======== Supplied information
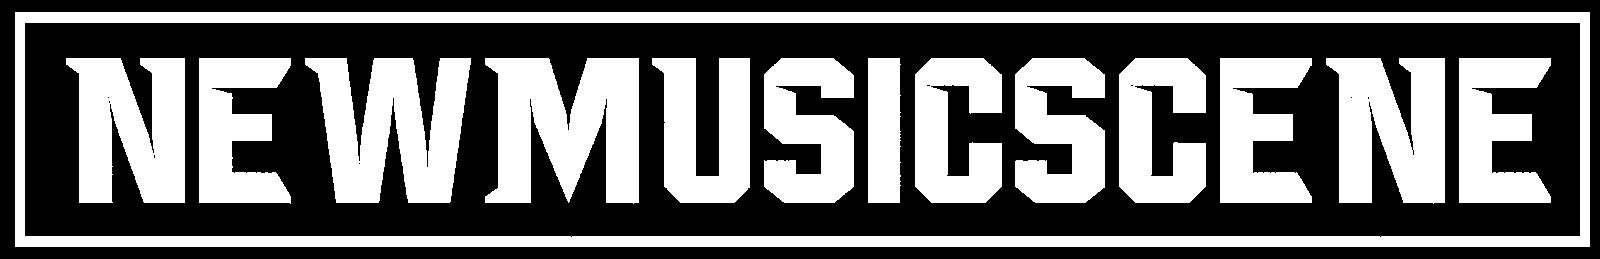 newmusicscene
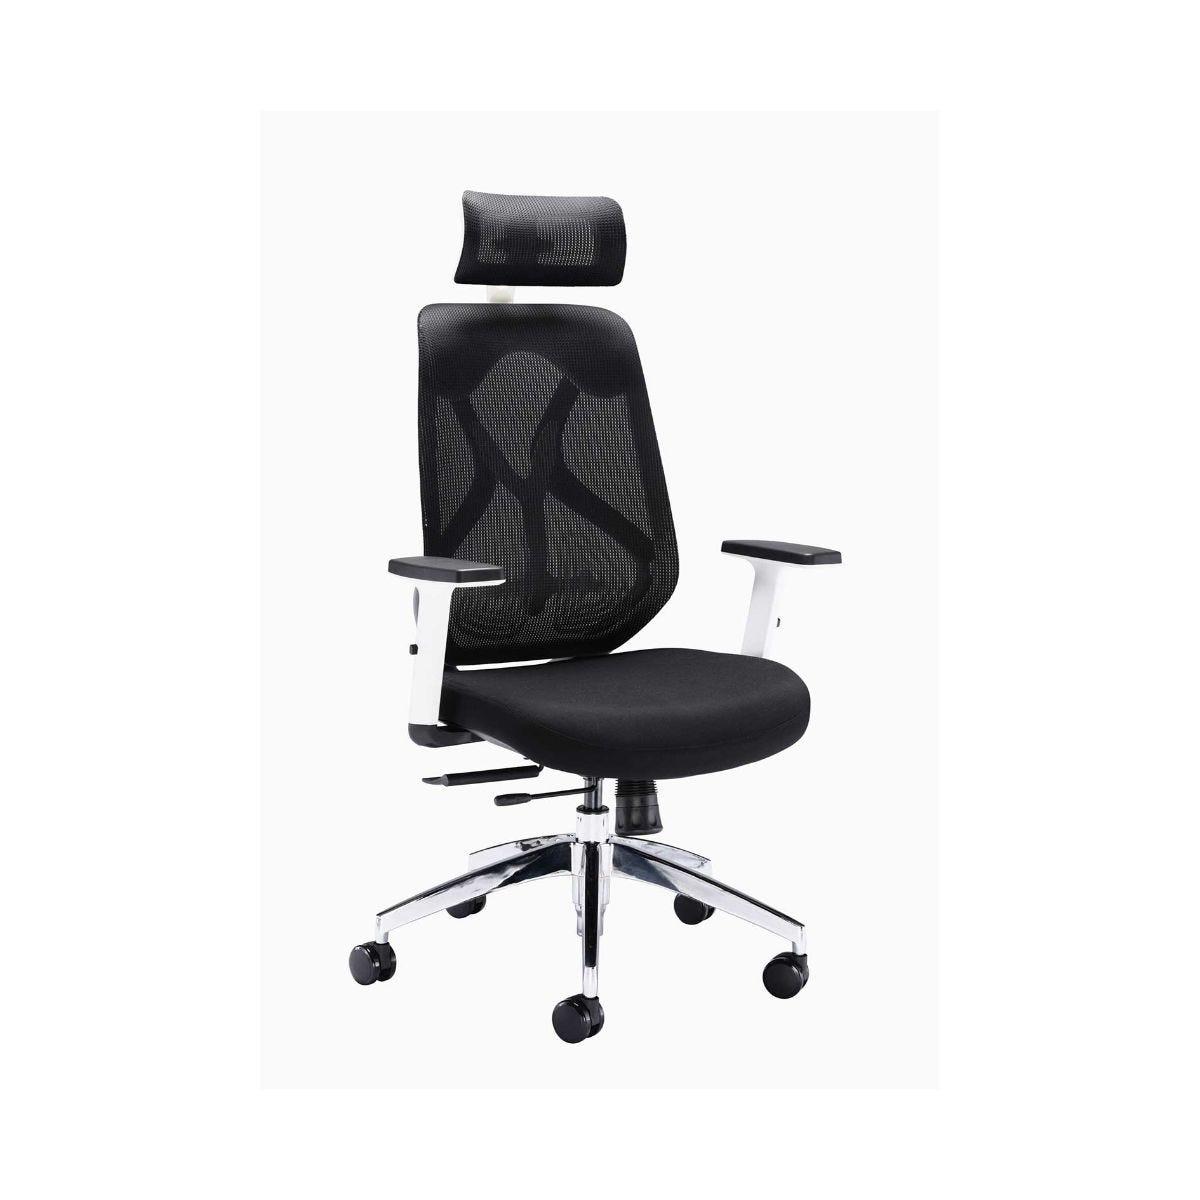 Maldini Designer High Back Mesh Task Office Chair, Black
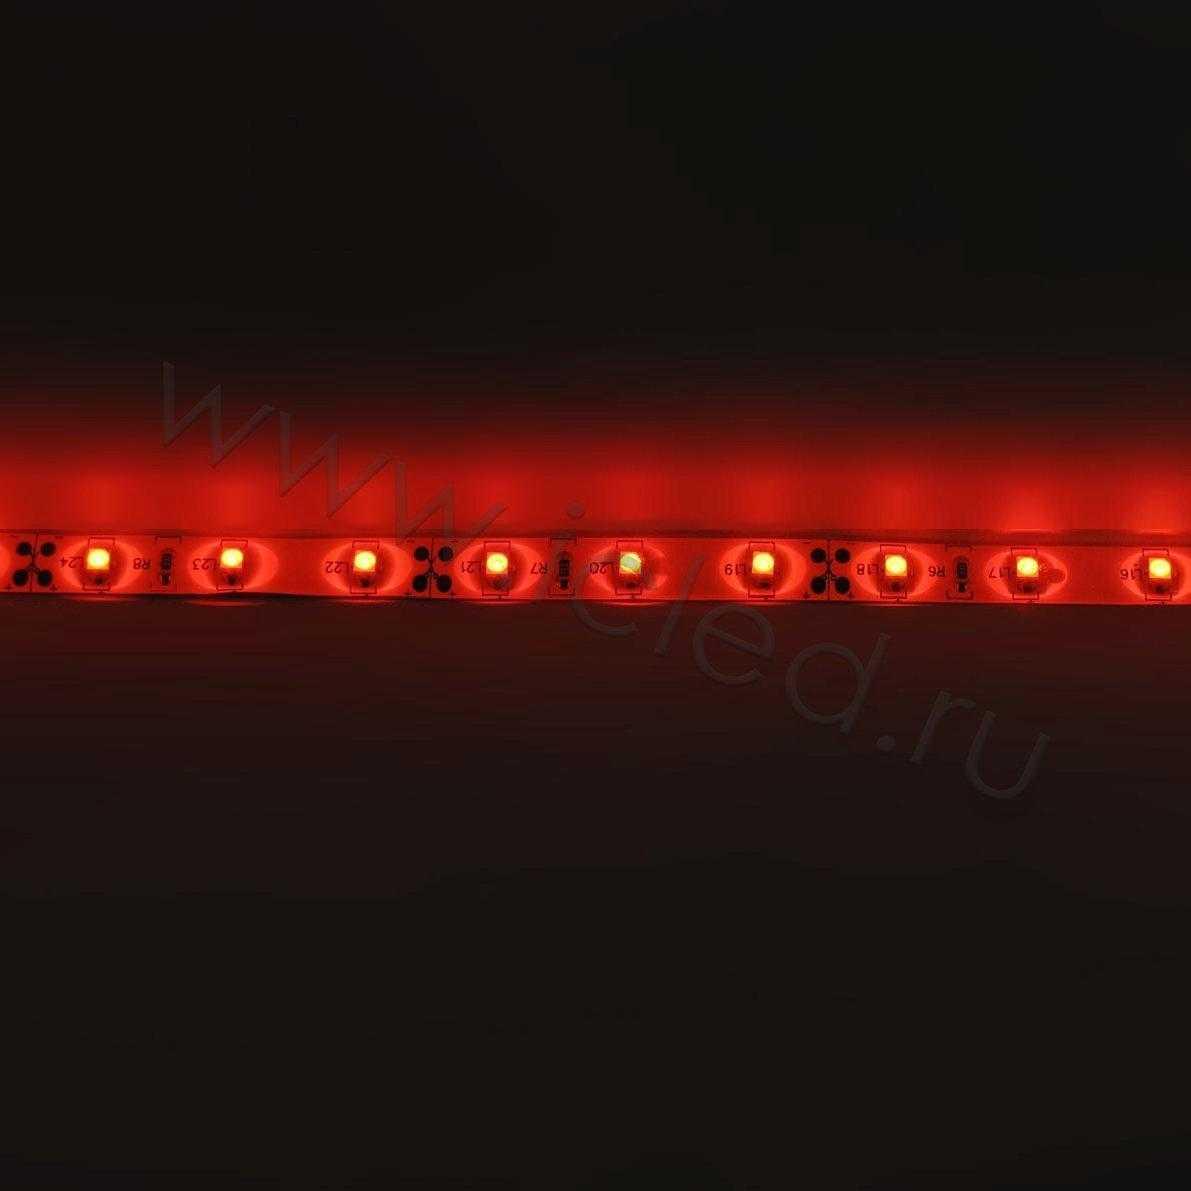 Светодиодная лента Class B, 3528, 60 led/m, Red, 12V, IP65
================
### [What is needed]
Output verbatim the lines beginning at the line with "Maldini Designer High" and ending at the last line of the material above, inclusive. Do not carry over any pictures.

### [Finished task]
 Maldini Designer High Back Mesh Task Office Chair, Black
 Светодиодная лента Class B, 3528, 60 led/m, Red, 12V, IP65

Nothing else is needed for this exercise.